Regardez cet objet. D’après vous, c’est quoi ? » Jean-Jacques Lebel jubile devant notre perplexité. La chose que nous présente l’artiste de 81 ans est de forme phallique, d’usage indéfini ou… trop défini. « C’est un instrument pour ensemencer la terre », répond-il, espiègle. On trouve de tout, vraiment de tout, dans sa maison du neuvième arrondissement parisien. Des sculptures d’art africain, un saint Sébastien chiné aux puces, une œuvre de Konrad Klapheck ou encore une toile d’Augustin Lesage. Collectionneur, le pionnier du happening et de la performance, celui qui a introduit la Beat Generation en France, l’a toujours été.
Cet ensemble sera partiellement montré à partir du 16 février au Palais de Tokyo, à Paris, en dialogue avec celui d’un autre artiste collectionneur, Kader Attia, 47 ans. Les deux hommes sont amis. Et le musée parisien a décidé de montrer la proximité entre les deux plasticiens collectionneurs à travers les nombreux échanges auxquels ils se sont livrés. Comme cette tête en bois cassée et réparée, offerte par Kader Attia à Jean-Jacques Lebel, exposée au Palais de Tokyo. Ou ce collage représentant Lénine entouré de cochons que Lebel a donné à celui qui reçut le prix Marcel Duchamp en 2016. Au menu, apparaissent des œuvres d’artistes qu’ils collectionnent, des objets de guerre transformés en œuvres d’art par des mains anonymes, des masques de maladie du Congo et du Nigeria, des fétiches de l’artiste martiniquais Alex Burke…

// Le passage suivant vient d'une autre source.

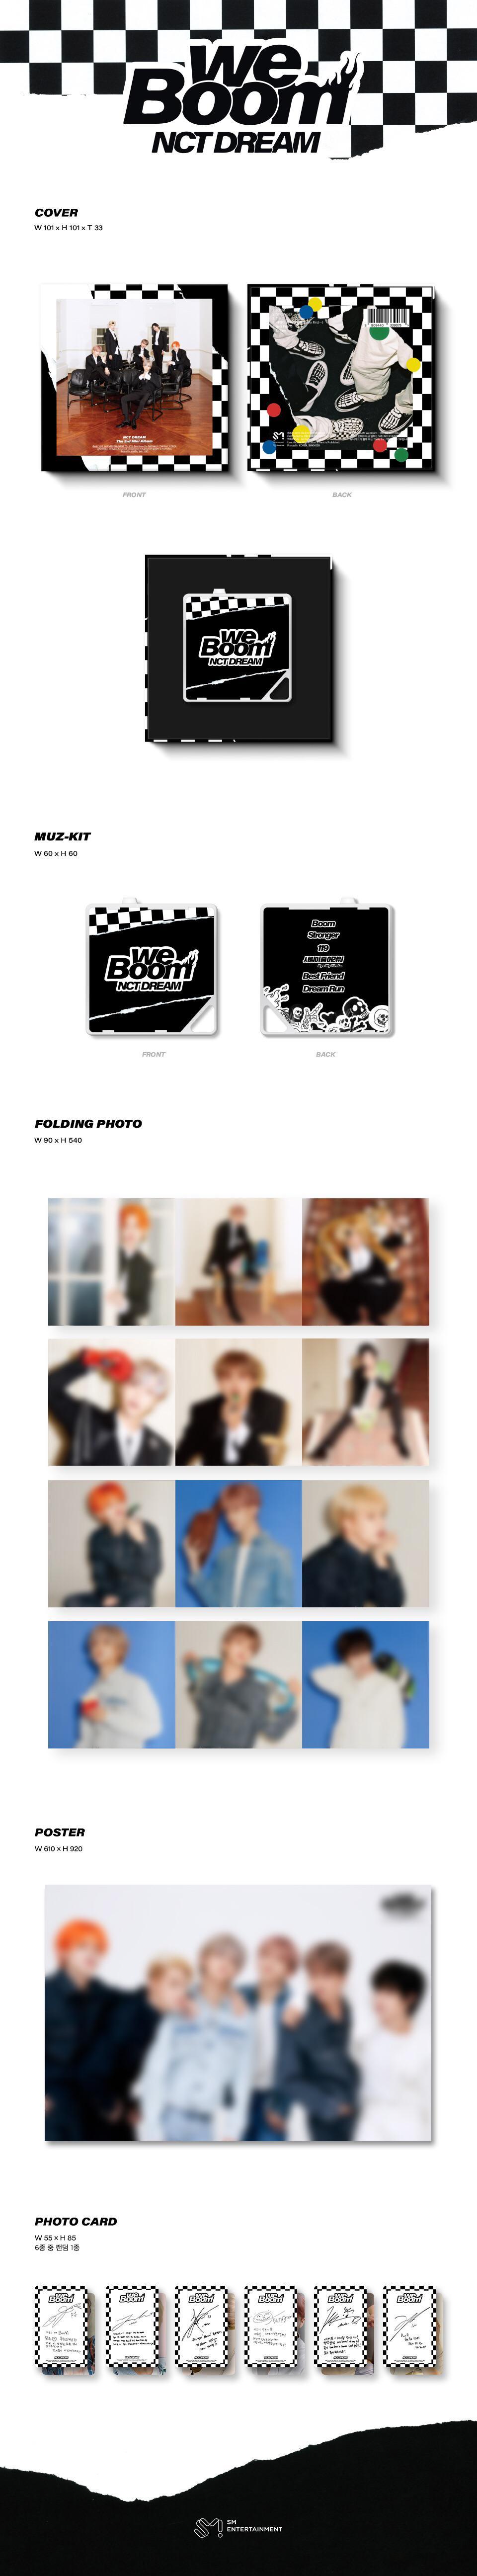 We Boom Kihno Kit Folded Poster KIHNO Album NCT DREAM 3rd Mini Kihno Album

« La collection, c’est l’ébauche de ma démarche d’artiste, c’est mon univers, ma pensée. » Jean-Jacques Lebel
Qu’est-ce au juste qu’une collection d’artiste ? Un bric-à-brac d’objets éclectiques qui sortent des sentiers rebattus de la grande histoire. A la différence de beaucoup de collectionneurs, qui suivent les modes et les cours spéculatifs, les artistes braconnent en terre inconnue, refusent les hiérarchies, mettent en valeur des confrères méconnus. Précipités de souvenirs...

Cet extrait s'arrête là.